[EXERCISE DATA]:
- - -

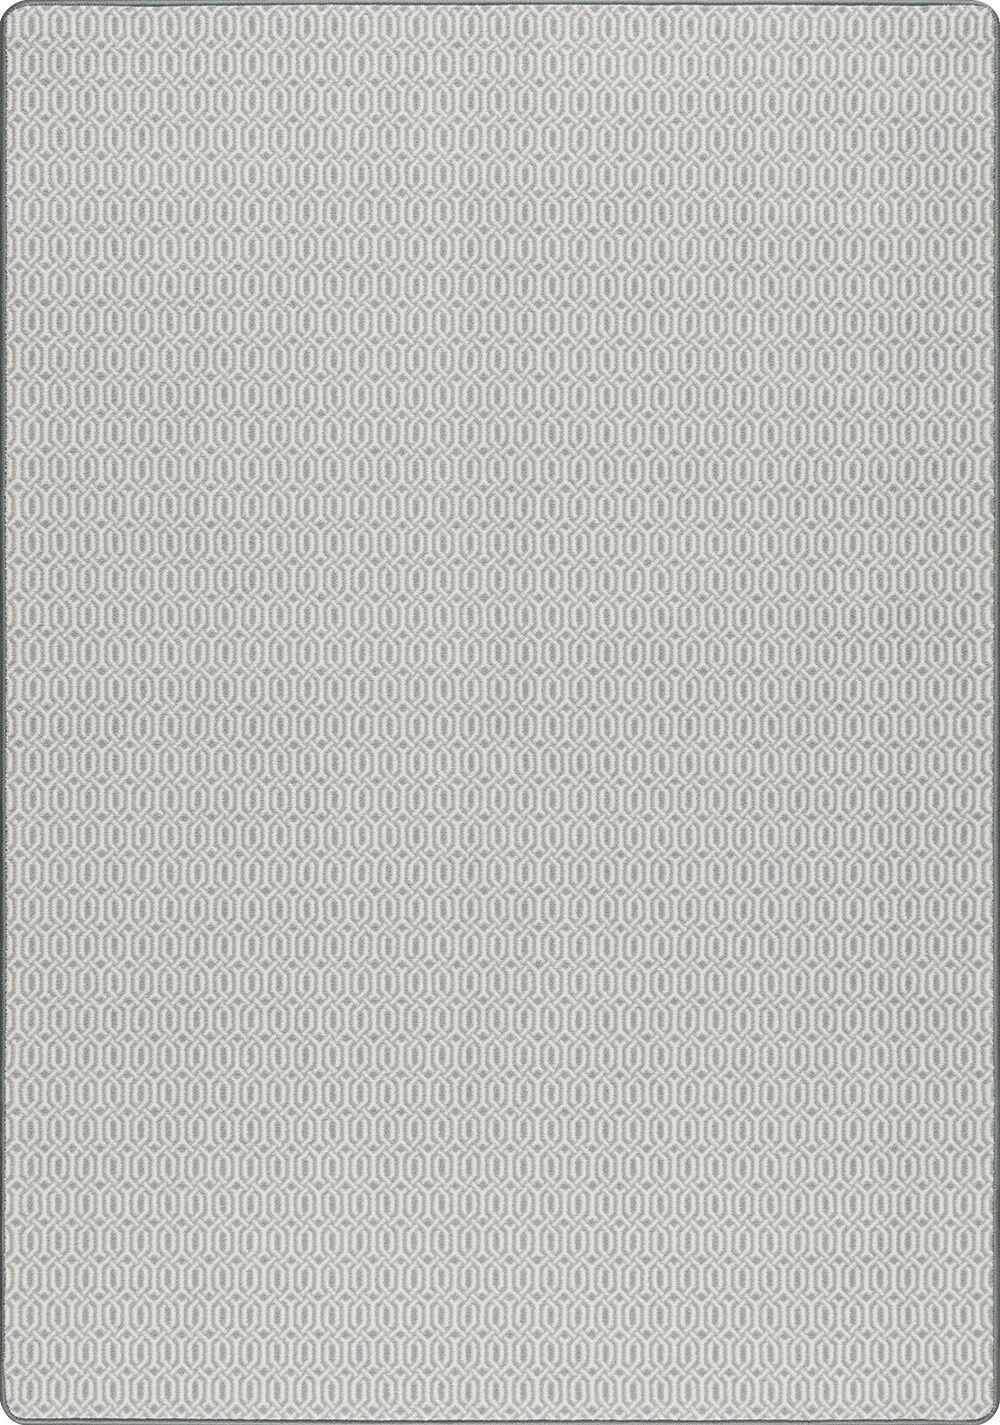 Broom Gray Area Rug Rug Size: Rectangle 5'4
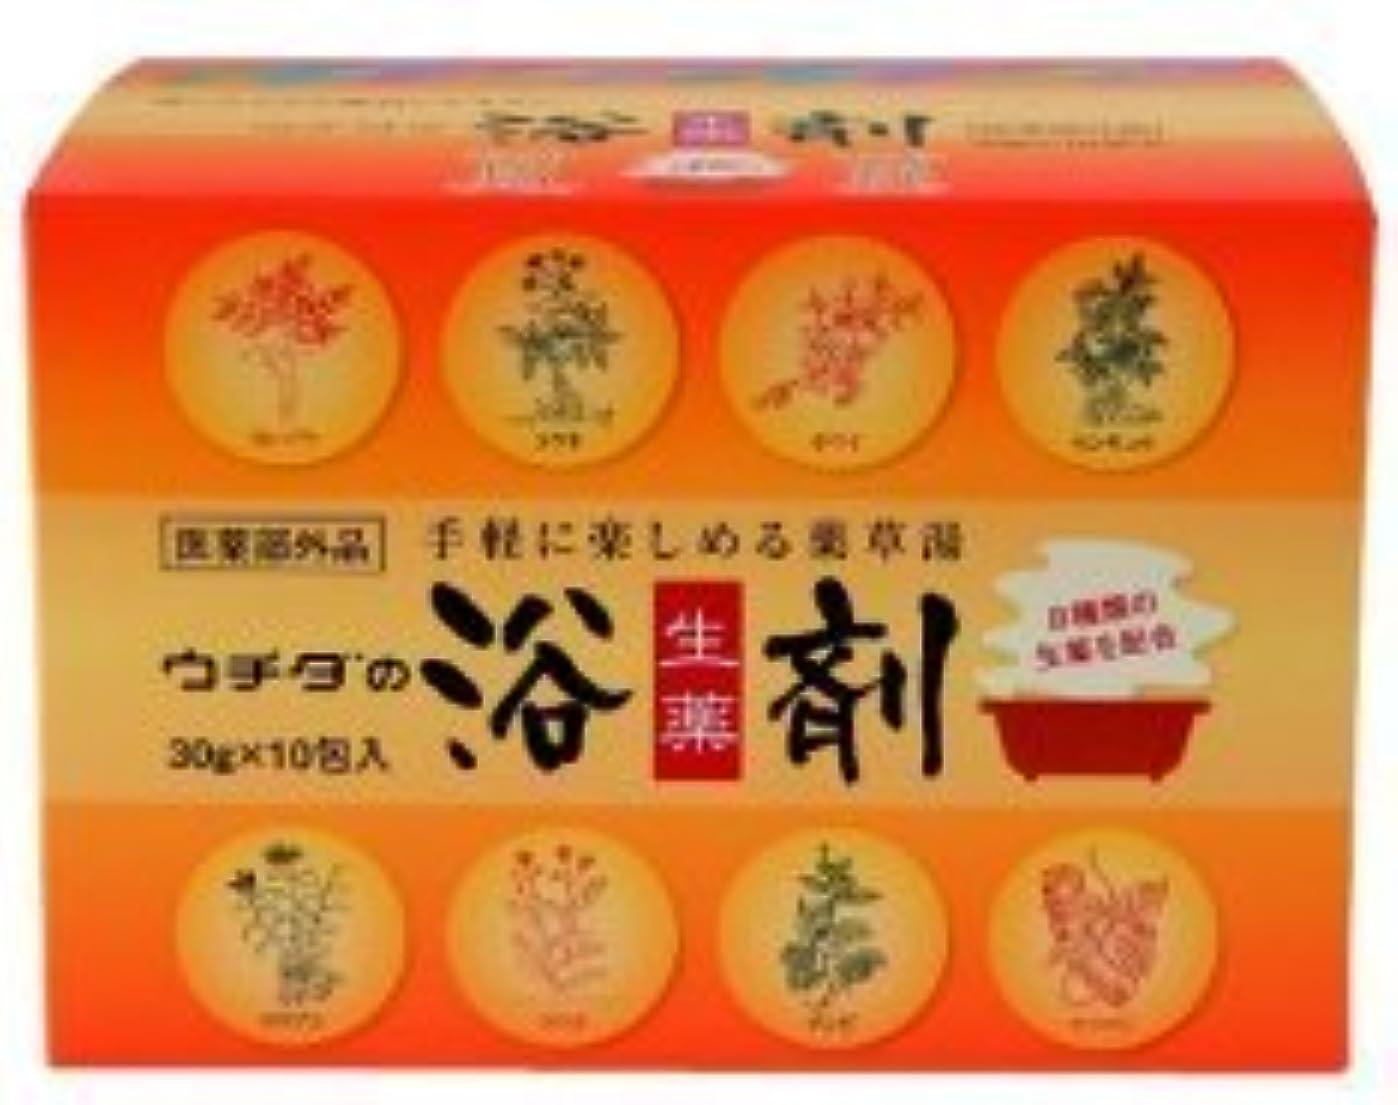 義務づけるしみ練習〔ウチダ和漢薬〕ウチダの浴剤(30g×10包入)×2個セット+1包おまけ
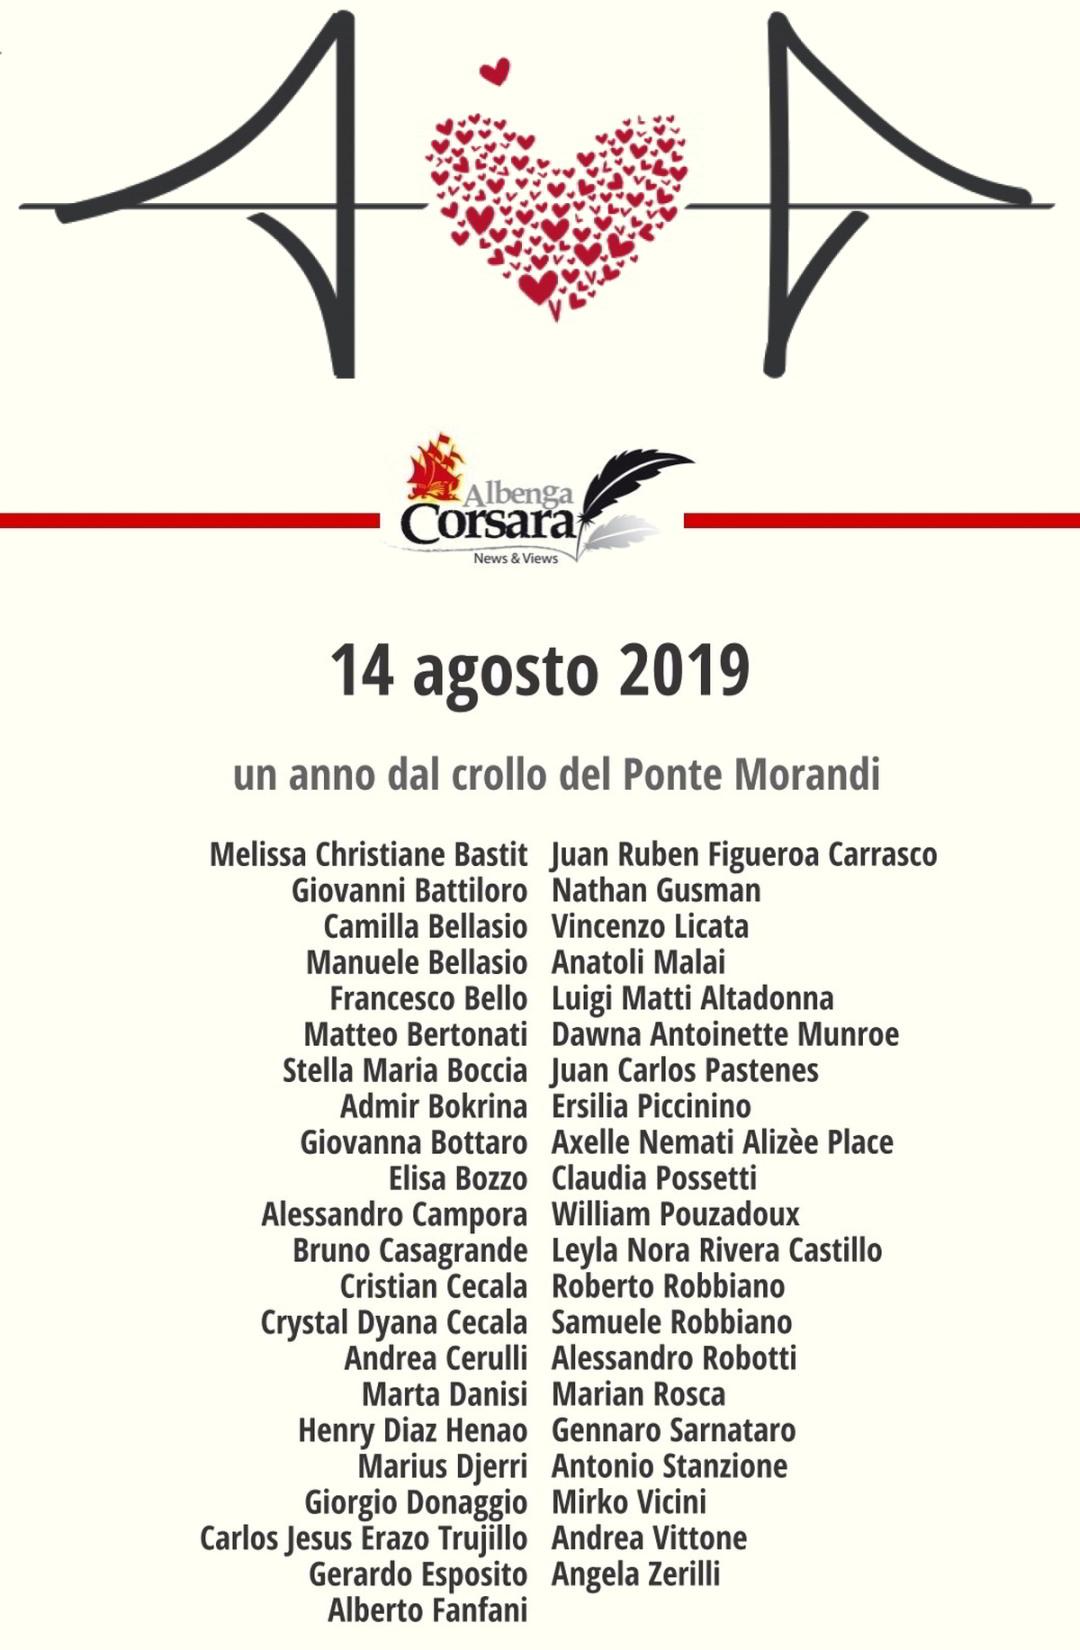 Commemorazione crollo Ponte Morandi Genova AC 14agosto2019

- - -

[EXERCISE OBJECTIVE]: The whole listing is to be retyped exactly, with its pictures removed.

[RESPONSE TO THE TASK]:
 Broom Gray Area Rug Rug Size: Rectangle 5'4
 義務づけるしみ練習〔ウチダ和漢薬〕ウチダの浴剤(30g×10包入)×2個セット+1包おまけ
 Commemorazione crollo Ponte Morandi Genova AC 14agosto2019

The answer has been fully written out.